I'm not a skier so this was quite a treat. The only thing I was regretting about my trip was not being able to see the panoramic view from the top of the mountain. For me it isn't worth all the cold, wet, uncomfortableness caused by actually skiing. This is the best of both worlds. Here are a few shots from the top.
The last couple of days have been very interesting. I am 49 1/2 years old this month. Yesterday I got my first massage ever. It was quite good. Today, just a few minutes ago in fact, I finished my first facial ever. It was fantastic. I'm feeling quite pampered - and guilty. The only redeeming factor is that I didn't have to pay for either treatment.
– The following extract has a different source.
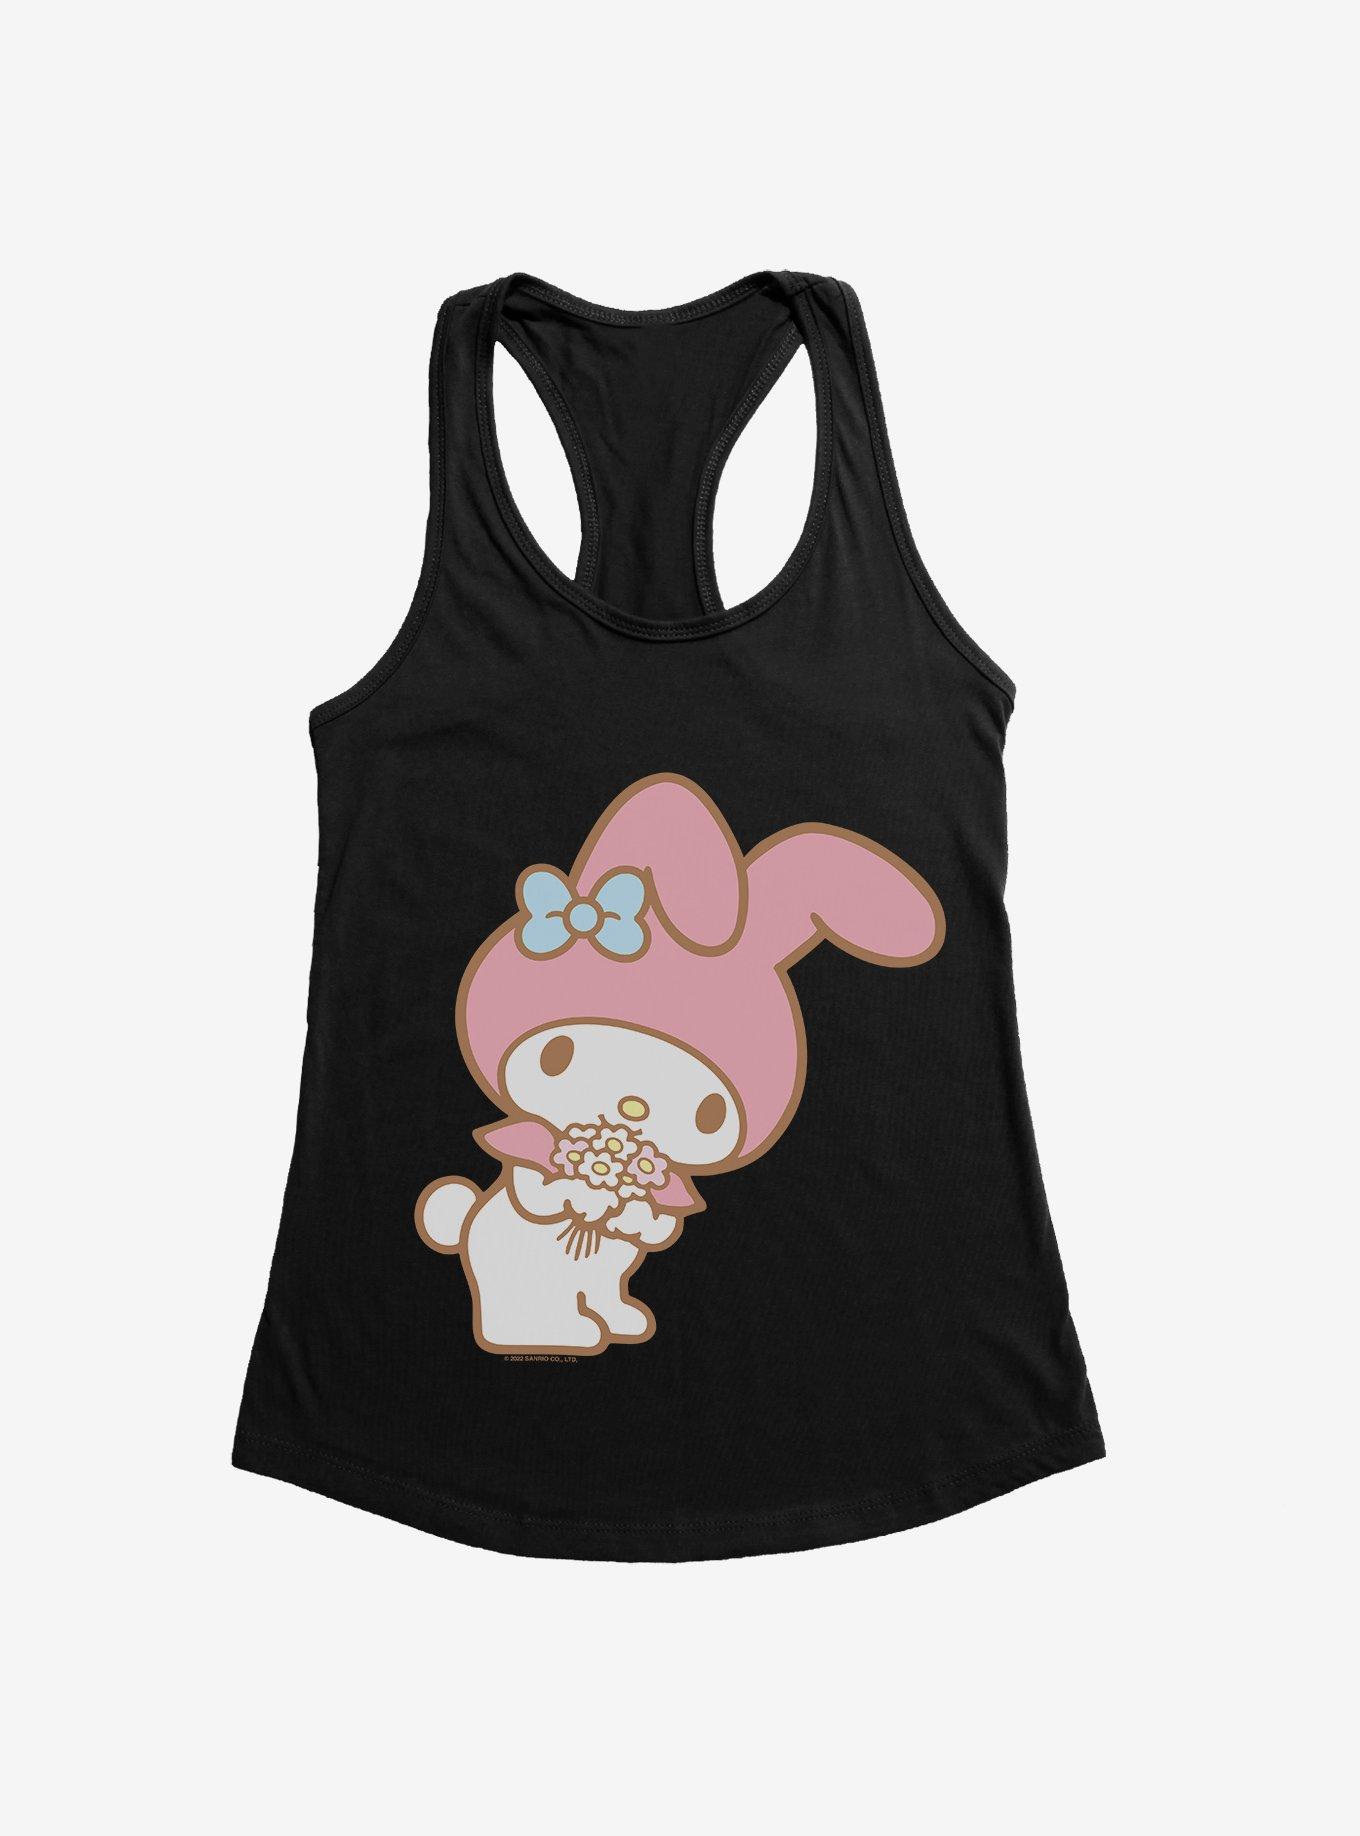 My Melody Bouquet Of Flowers Girls Tank
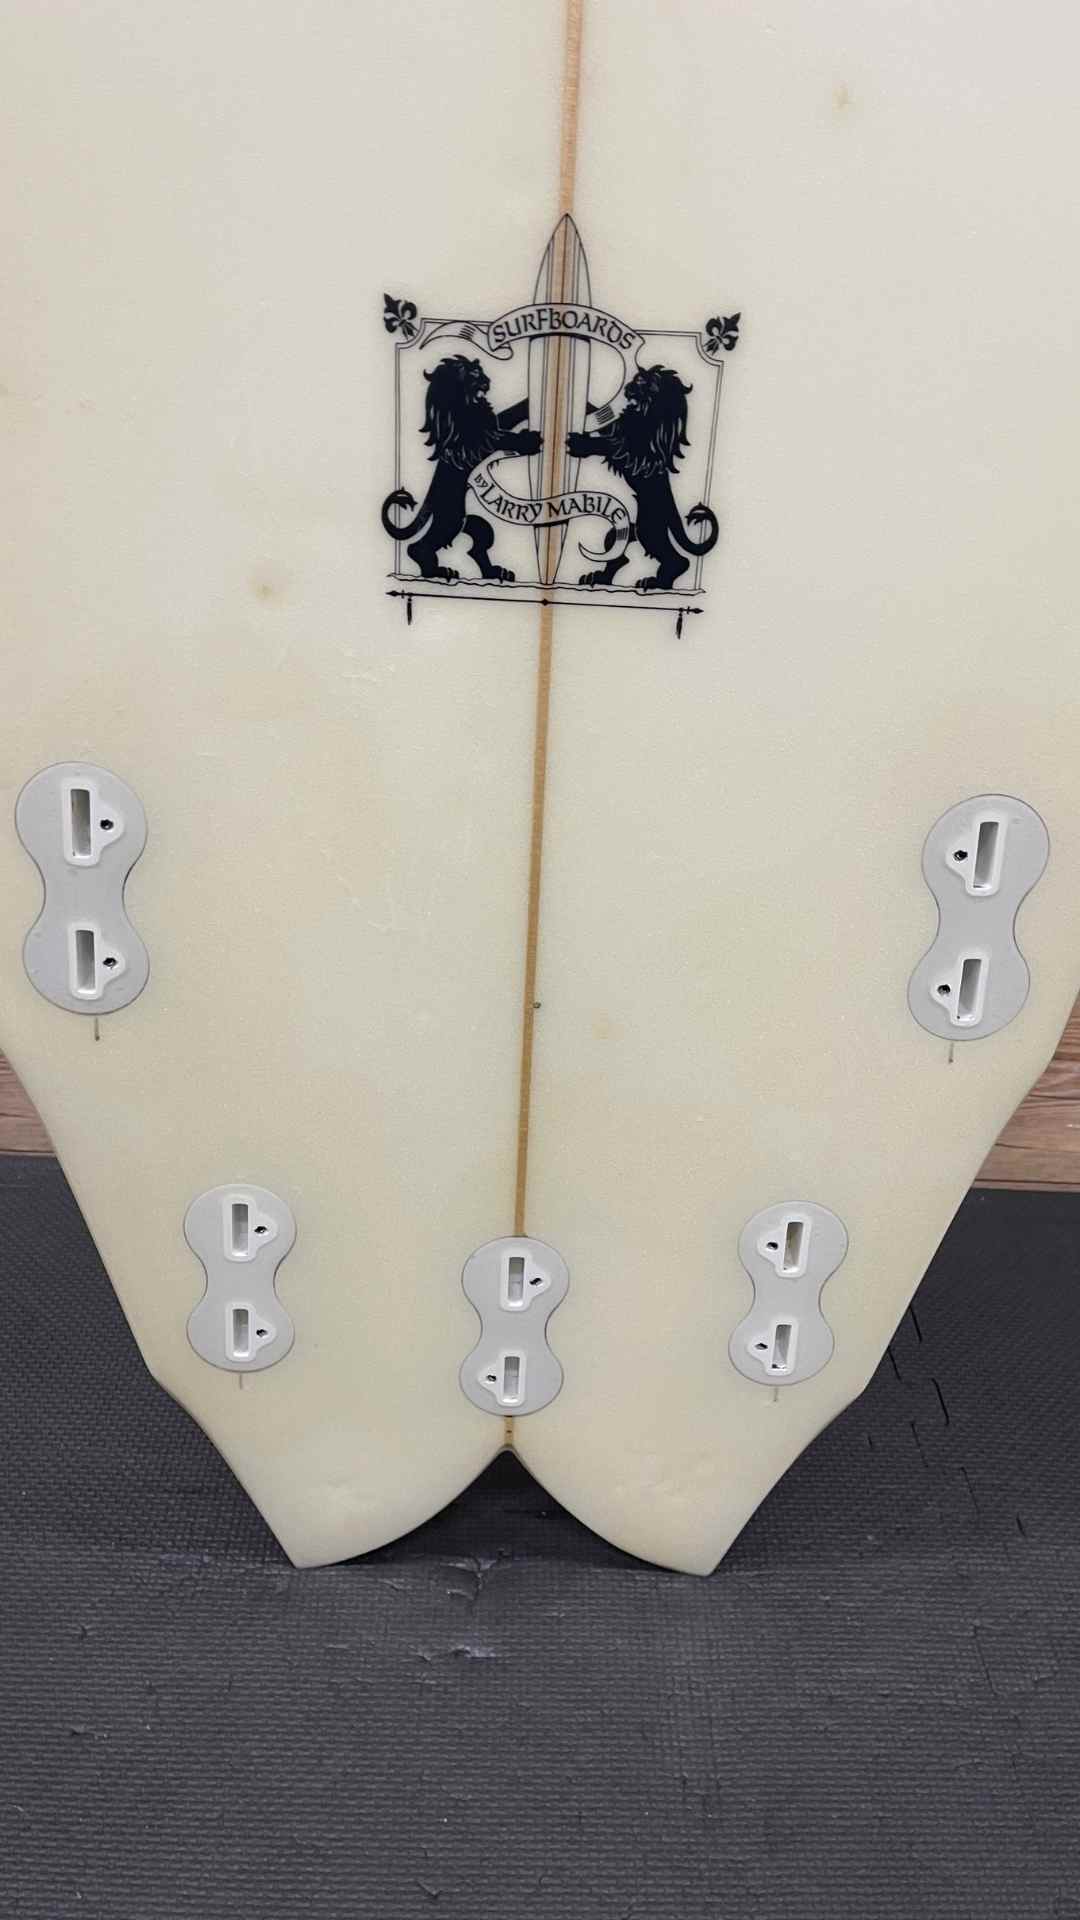 Double Wing 5-Fin 5'8"

Essentially they were gifts - a perk on this trip my husband earned with his company. Don't get me wrong, I thoroughly enjoyed every minute of the time, once I got over my initial anxiety and tension over being touched by a stranger. The thing that bothers me is that I know how much they cost. It's hard for me to justify that kind of money spent on my self. I can't do it. Then to be in the women's locker room and hear the ladies there talking made me wish I had had no part in any of it. It seems they'll shop at Walmart but they hate it and they were actually making fun of the people who work there. I didn't even think of jumping into the conversation but now, back in my room I'm thinking I should have done so. What could I say? God loves those people as much as he loves you? Maybe it would have had an impact. Father, forgive me for not opening my mouth. Help me next time I'm in such a situation to have your words of truth and love in my heart and on my lips. It's been quite a day and there are hours left to be lived. A storm is moving in.
1 comment:
My problem is that I do say something and its my words, not His!
I just got back from Wal-Mart with Whitney. Some little kid was sitting on a shelf looking at us, then he proceeded to well, expel gas. We looked at him and he jumped up, with a smile, exposing a whoopie cushion. You know what, I would much rather spend an evening with these people then the locker room crowd.
Candy Gilbert, you deserve a wonderful massage and a facial for that beautiful face of yours. Its a gift to you.